Meux House, 1007 R St. Fresno
Meux House, 1007 R St. Fresno

The Meux Home

Buildings and structures in Fresno, CaliforniaBuildings and structures completed in 1889Houses on the National Register of Historic Places in CaliforniaNational Register of Historic Places in Fresno County, California
4 min read

Anne Meux lived in the same house for seventy-one years. When a Fresno Bee reporter visited her in 1960, the mansion at the corner of Tulare and R streets looked almost exactly as it had when her father finished building it in 1889. The gas fittings on the light fixtures still worked, just in case the electricity failed. The wooden icebox still sat in the kitchen beside a modern refrigerator, as if the family couldn't quite commit to the twentieth century. By the time Anne died in 1970, the house had outlasted nearly every other structure from Fresno's founding generation, preserved not by any grand preservation effort but by a family that simply never saw reason to change anything.
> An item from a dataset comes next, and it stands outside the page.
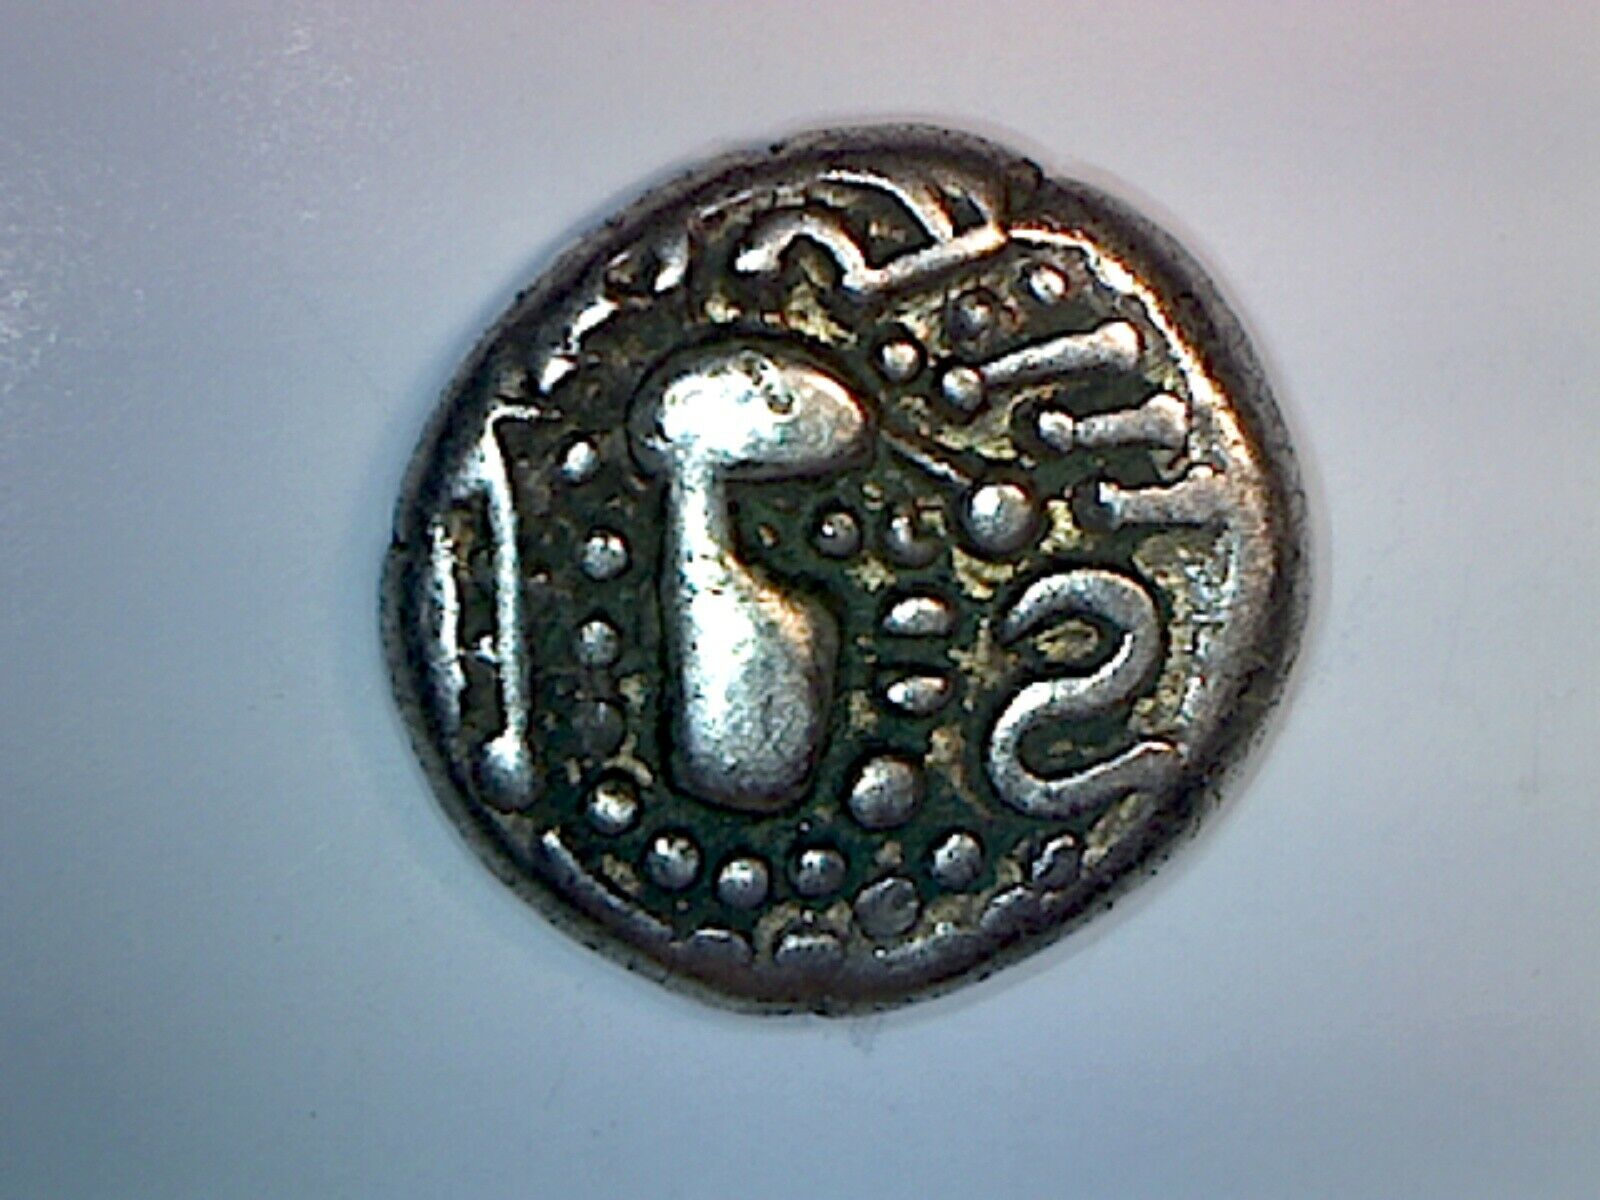 Vintage India Silver Coin?

From Shiloh to the San Joaquin

Thomas Richard Meux was born near Stanton, Tennessee, in 1838. He studied at the University of Virginia, then earned his medical degree from the University of Pennsylvania in 1860, just as the country was splitting apart. He and his brother John enlisted in the 9th Tennessee Infantry Regiment on May 24, 1861. John died a year later from wounds sustained at the Battle of Shiloh, one of the bloodiest engagements of the Civil War. Thomas survived and returned to his medical practice in Tennessee after the war ended. He married Mary Esther Davis in 1874, and the couple started a family. But sometime in the mid-1880s, they decided to leave Tennessee behind. In December 1887, the Meux family stepped off a train at the Southern Pacific Hotel in Fresno, a Central Valley town barely a decade old and growing fast.

Building on Empty Ground

Fresno in the late 1880s was still more ambition than city. When Meux chose the corner of Tulare and R streets for his home, the area was nearly empty. Only two other houses stood within sight: William Wyatt's place at R and Mariposa, and O. J. Woodward's at Q and Mariposa. Woodward would later donate the land that became Woodward Park, one of the largest municipal parks in California. But in 1889, this was the edge of town, and Meux was building for a future he could only imagine. The house he commissioned was elaborate for its time and place: two stories with a basement and attic rooms, a wraparound porch with carved railings, and an asymmetrical design that mixed architectural influences the way a confident era tended to do.

Gothic Turrets and Gas Light

The Meux Home's most striking feature is the conical turret anchoring one corner, giving the house a faintly fairytale silhouette against the flat Central Valley skyline. French Renaissance details appear in the chimney work, while Victorian Gothic finials crown the intersections of the roof hips. The siding shifts from staggered shingles to patterned shingles to beveled shiplap, creating a texture that rewards close attention. Because the house was built before electricity reached this part of Fresno, every lighting fixture was designed for gas. Even after electrical service arrived, several fixtures kept their gas fittings as a practical backup. The kitchen eventually gained an electric refrigerator and a gas range, but the old wood-burning stove and wooden icebox remained in place, artifacts of an earlier domestic life coexisting with their replacements.

A Family That Stayed

What makes the Meux Home remarkable is less its architecture than its continuity. Thomas Meux died, but the family never sold the house or altered it significantly. His son John became a Fresno-area rancher. One daughter married Henry E. Barbour, who went on to serve in the U.S. House of Representatives; their 1907 wedding took place in the home's parlor. The other daughter, Anne, simply stayed. She lived in the house from its construction until her death in 1970, a span of eighty-one years during which Fresno transformed from a frontier railroad stop into the fifth-largest city in California. The house became a museum, its rooms frozen in a version of domestic life that most of the Central Valley had long since discarded.

History Reckoned With

In 2021, the museum confronted a question that many institutions named for Confederate veterans have faced: whether to change its name. Thomas Meux served in the Confederate Army, a fact that sits uneasily alongside the house's role as a civic landmark. The discussion produced no name change, but it marked the kind of reckoning that transforms a simple historic house into something more complicated. The Meux Home remains one of the oldest residences in Fresno and one of the most architecturally intact Victorian houses in the Central Valley, its turret and gas fittings and carved porch details testifying to an era when a doctor from Tennessee could arrive in a raw California town and build something meant to last. That it did last, largely unchanged, through more than a century of California's relentless reinvention may be the most improbable thing about it.

From the Air

Located at 36.7397N, 119.7824W on the east end of downtown Fresno at the intersection of Tulare and R streets. The Victorian mansion with its distinctive conical turret is difficult to spot from altitude but sits within the Fresno street grid. Best viewed at 1,500-2,500 feet AGL. Fresno Yosemite International Airport (FAT) is approximately 5 nm northeast. Fresno Chandler Executive Airport (FCH) is about 3 nm south. The flat terrain of the Central Valley provides excellent visibility in clear conditions.